Erik Hahn sieht hier den entscheidenden Punkt: "Das ist im engeren Sinne noch keine Triage, wie sie auch aus ethischer Perspektive diskutiert wird", ordnet er ein. "Ich sehe das eher als eine Art Priorisierung", fügt er hinzu. Triage - ein Begriff aus der Militär-Medizin - heißt eigentlich, dass man mangels Ressourcen entscheiden müsse, welchem Patienten man überhaupt eine Behandlung zuteil werden lasse, wer also überhaupt eine Chance bekommt. Dies sei in dem Fall, wo die Alternative einer Verlegung in eine andere Klinik existiere, so nicht der Fall. Triagieren sei dennoch in der Medizin nichts Fremdes, man kenne es aber vor allem von Einsätzen nach Katastrophen und Unglücken oder auch beim Thema Organspende. Auch da werde über die Warteliste eine Klassifizierung der Patienten vorgenommen. "Dass im Zusammenhang mit einer konkreten Erkrankung in Deutschland schon einmal triagiert werden musste, ist mir so derzeit nicht bekannt", schildert er.

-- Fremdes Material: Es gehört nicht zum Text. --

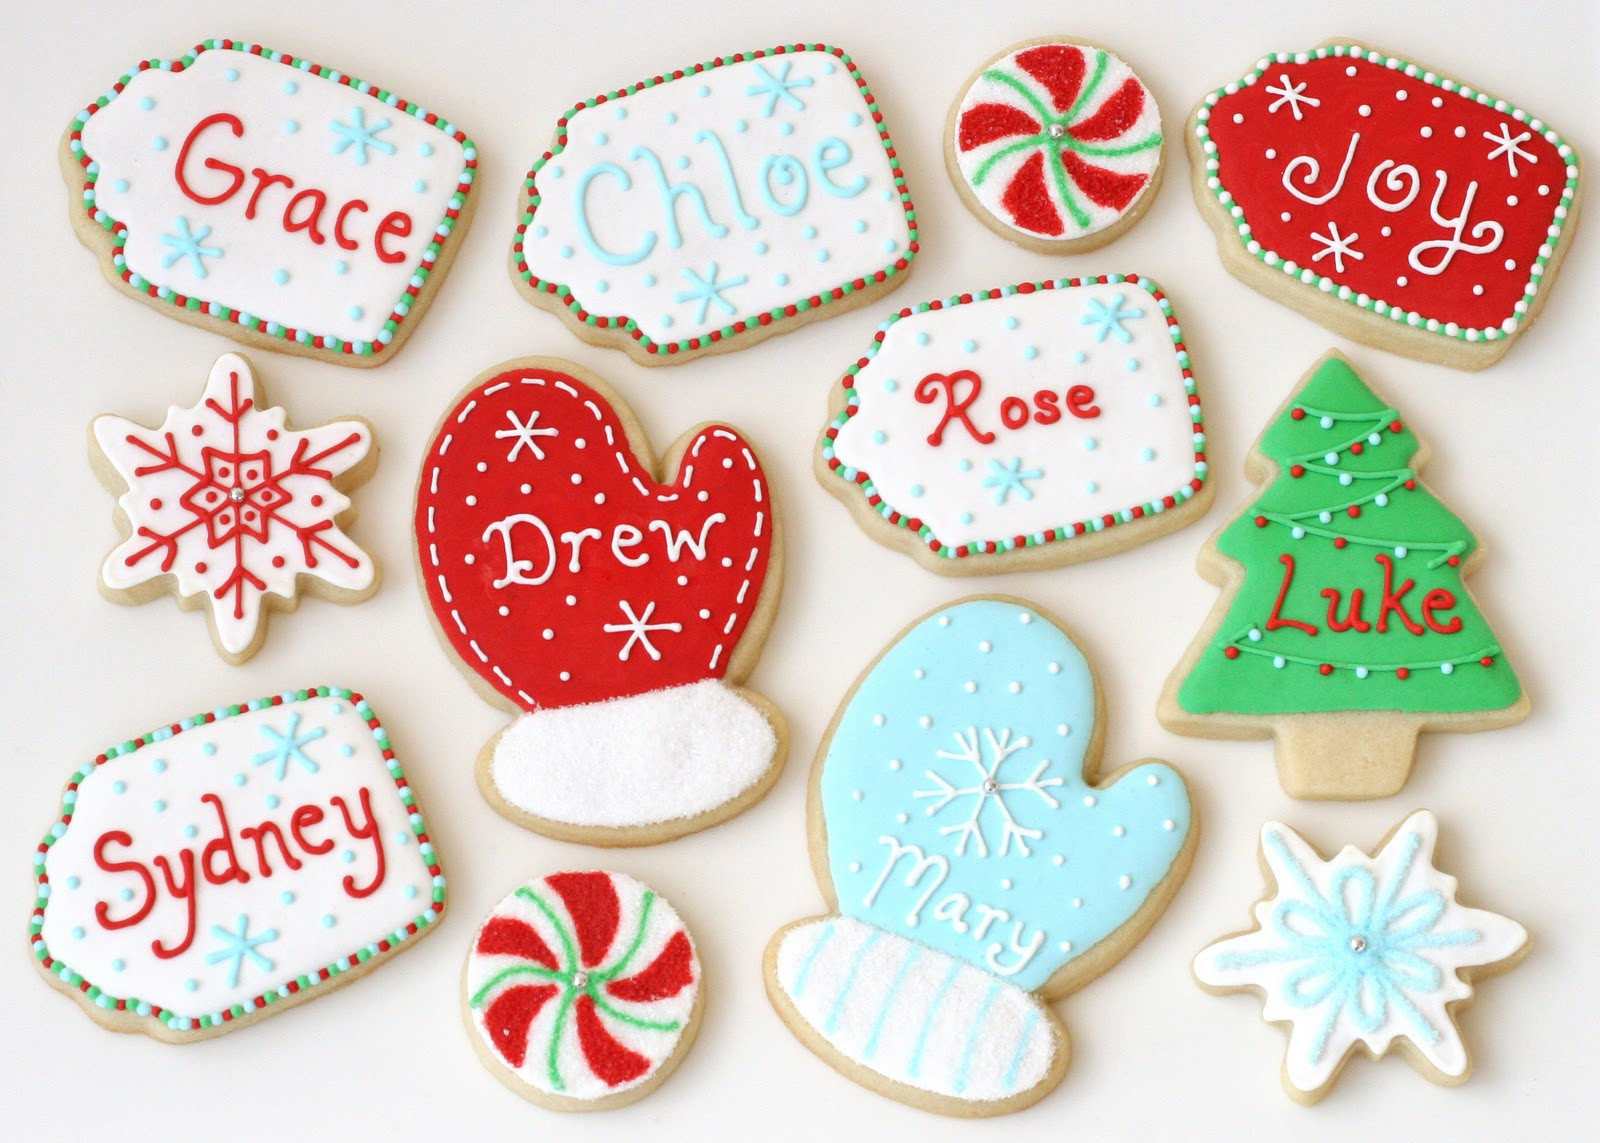 Decorated Christmas Cookies
 Christmas Cookies Galore Glorious Treats

Woran orientieren sich die Mediziner aber derzeit, wenn solche Fragen aufkommen? "Entscheidungen werden nach dem medizinischen Sachverstand getroffen, wie es in einer Notaufnahme der Fall ist", erklärt Erik Hahn. Er hält dies auch für den richtigen Weg. "Der Staat darf sich aus verfassungsrechtlicher Sicht hier nicht einmischen, er kann nicht einem Leben mehr Bedeutung beimessen als einem anderen", hebt der Jurist hervor. Diese Diskussionen gab es bereits im Frühjahr in Italien, als Ärzte mangels Alternativen konkret entscheiden mussten, wem sie helfen und wen sie dem Schicksal überlassen. Auch in den Niederlanden wird dies derzeit diskutiert.